By Rabbi Doniel Neustadt

A discussion of Halachic topics related to the Parsha of the week. For final rulings, consult your Rav.


The ninth day of Av, the day on which both Batei Mikdash were destroyed, not only commemorates the destruction of both Temples, but is also a national day of mourning for all of the tragedies and calamities that have befallen the Jewish people. This sorrowful fast day, which culminates the Three Weeks period of mourning, is replete with special halachos. In this discussion, we will attempt to review some of the special restrictions that apply to Tishah b'Av as well as the circumstances under which these restrictions do not apply:


1.A person who is sick, or an old or weak person who may become ill if he does not eat or drink, even if his illness will not endanger his life(1). He may eat as much food as he usually does(2), but he should not indulge himself.

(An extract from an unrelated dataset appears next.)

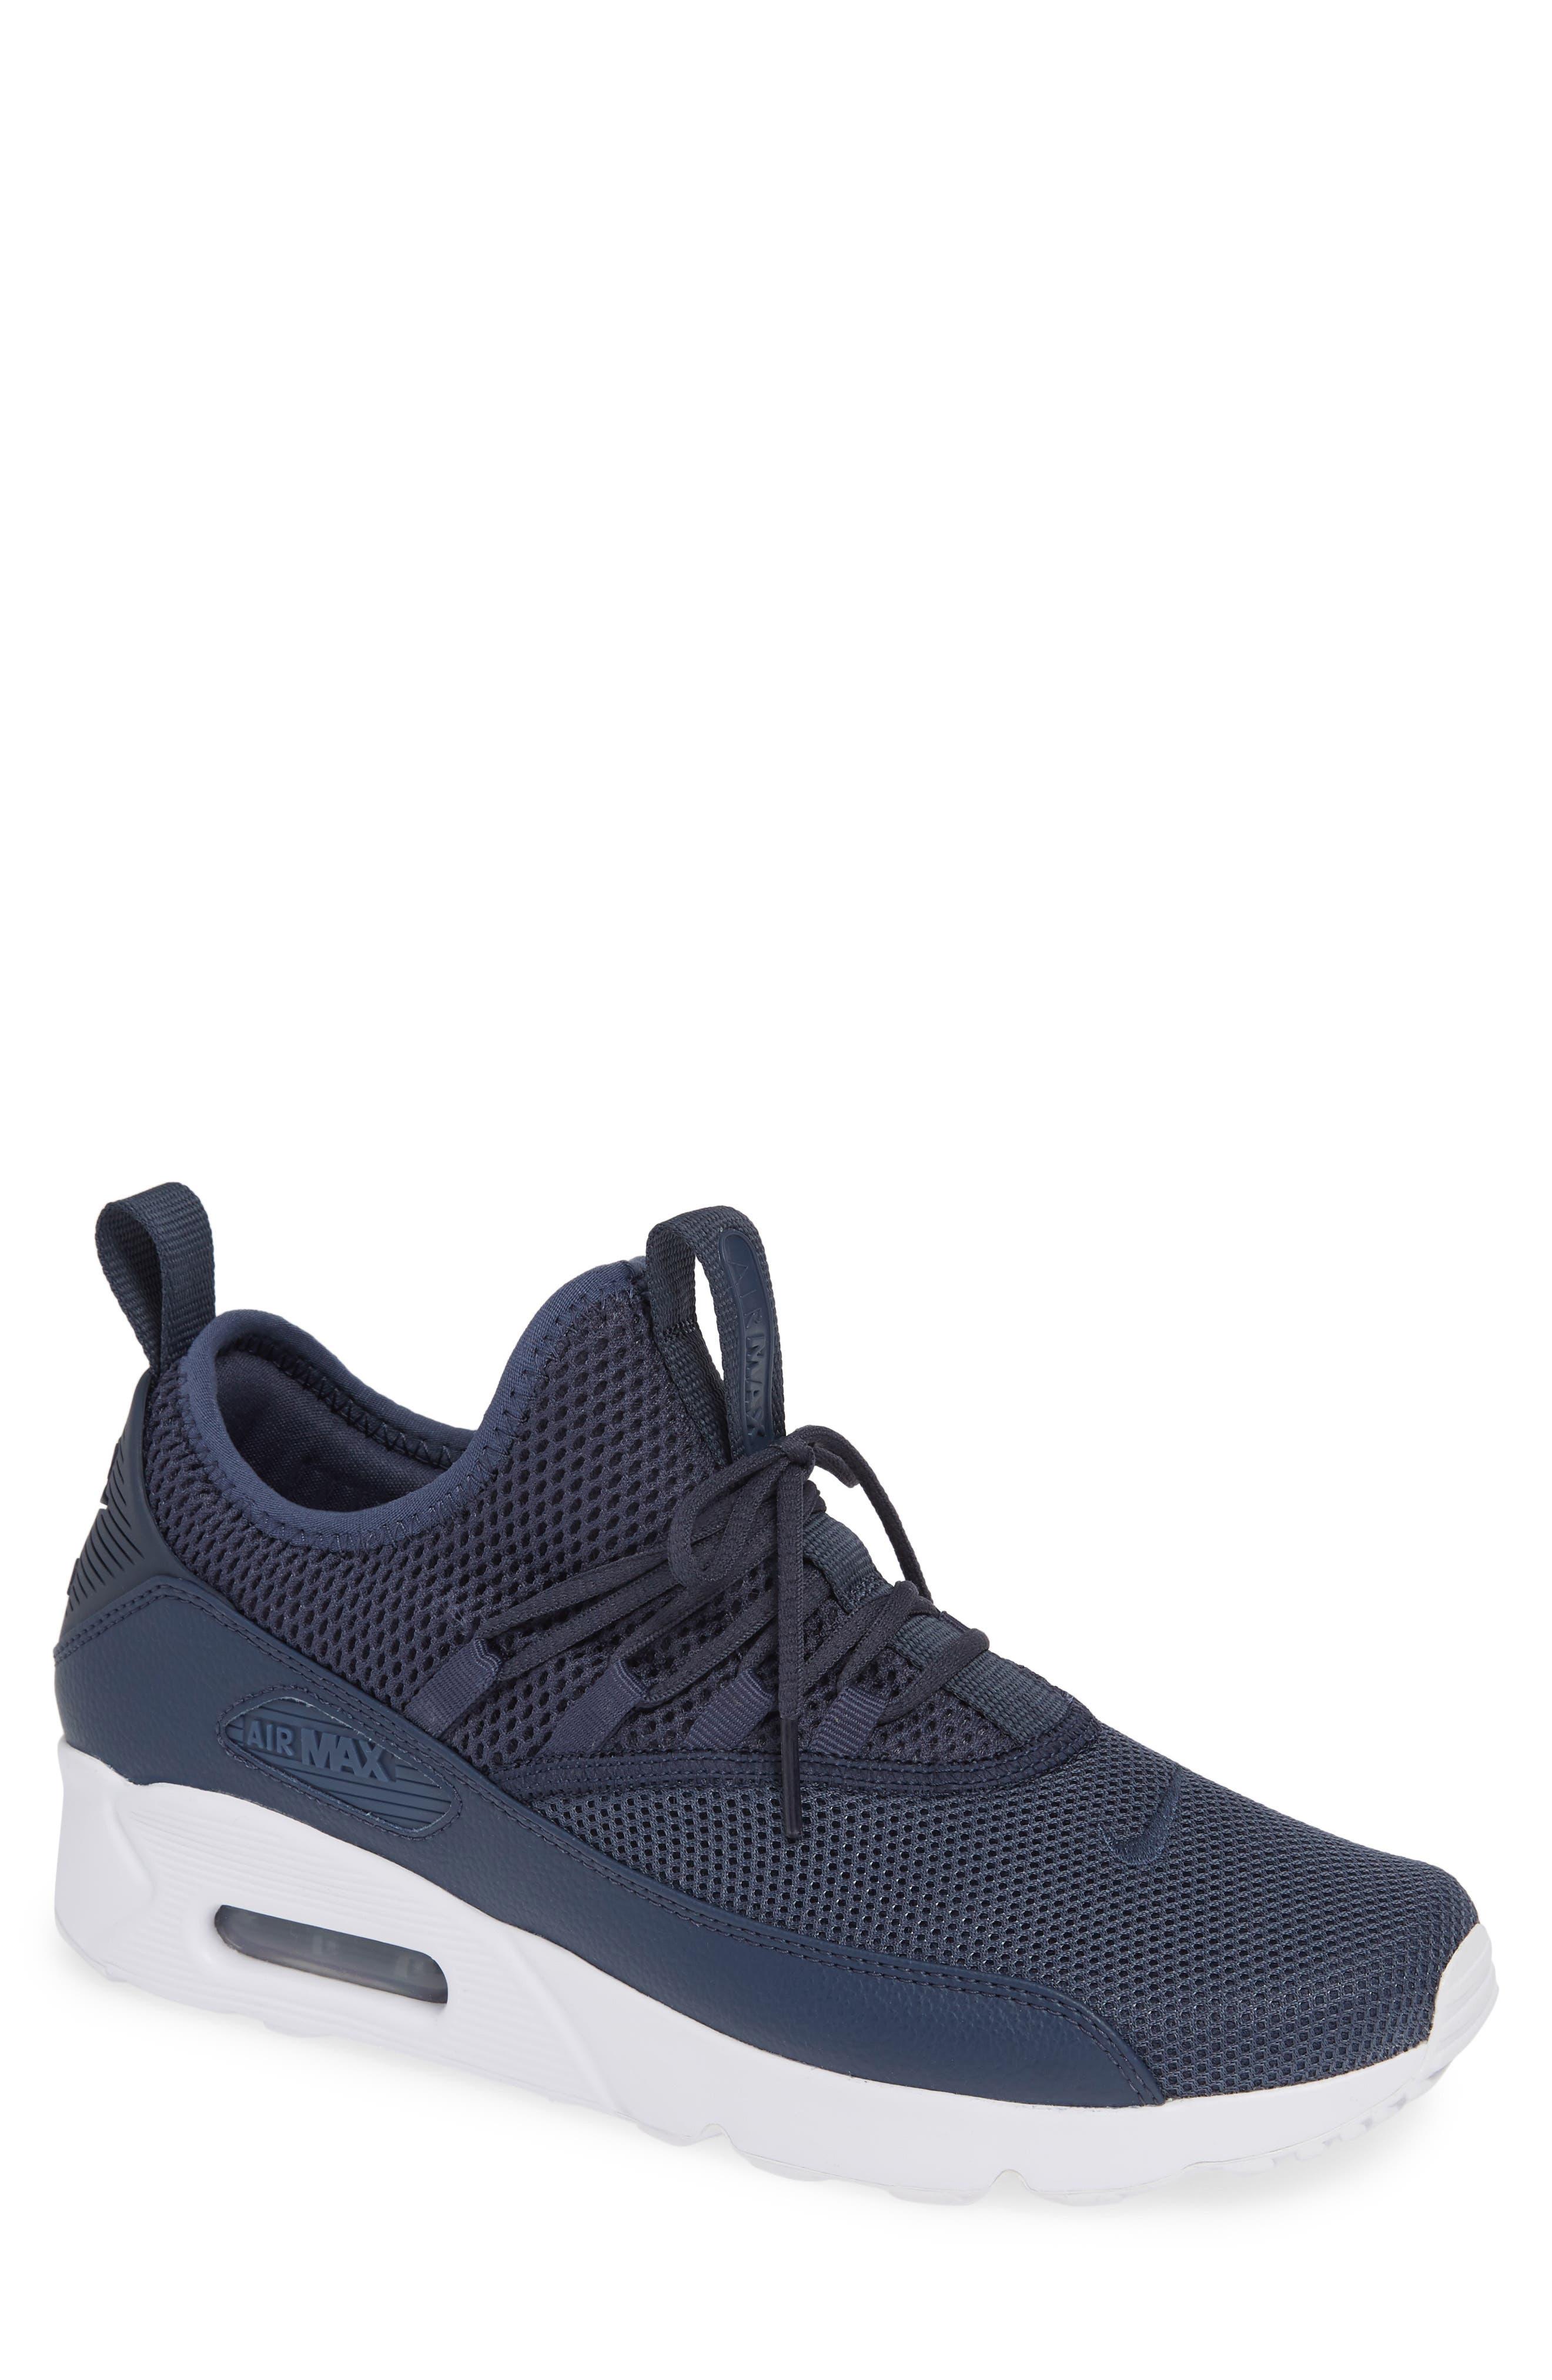 Air Max 90 EZ Sneaker,                         Main,                         color, THUNDER BLUE/ WHITE

2.A woman up to thirty days after giving birth(3), even if the baby was stillborn(4).

3.A pregnant women should consult a rav about fasting(5).

4.Boys under the age of 13 and girls under the age of 12(6).

5.A medical condition(7). According to some poskim, it is permitted to swallow a bit of water along with a prescribed medication if the medicine cannot be swallowed otherwise(8).


1.Dirty or soiled hands or other parts of the body. Any substance or discharge (e.g., a glutinous gel in the eye) may be rinsed off(9). [If soap is needed, it may be used.(10)]

2. Awakening in the morning. One may wash netilas yadayim three times on each hand(11), but the water should reach only until the knuckles(12). After the hands are wiped but remain slightly damp, they may be passed over the face or the eyes(13).

3. After using the bathroom and/or after touching a part of the body that is normally covered, but the water should reach only until the knuckles(14).

4. Rinsing the mouth, but only in case of great discomfort(15). Care must be taken not to swallow the water. Mouthwash should not be used(16).

5. Preparing food(17). If warm water is necessary, it may be used(18).

6. Medical needs(19). Hot water may be used when needed(20).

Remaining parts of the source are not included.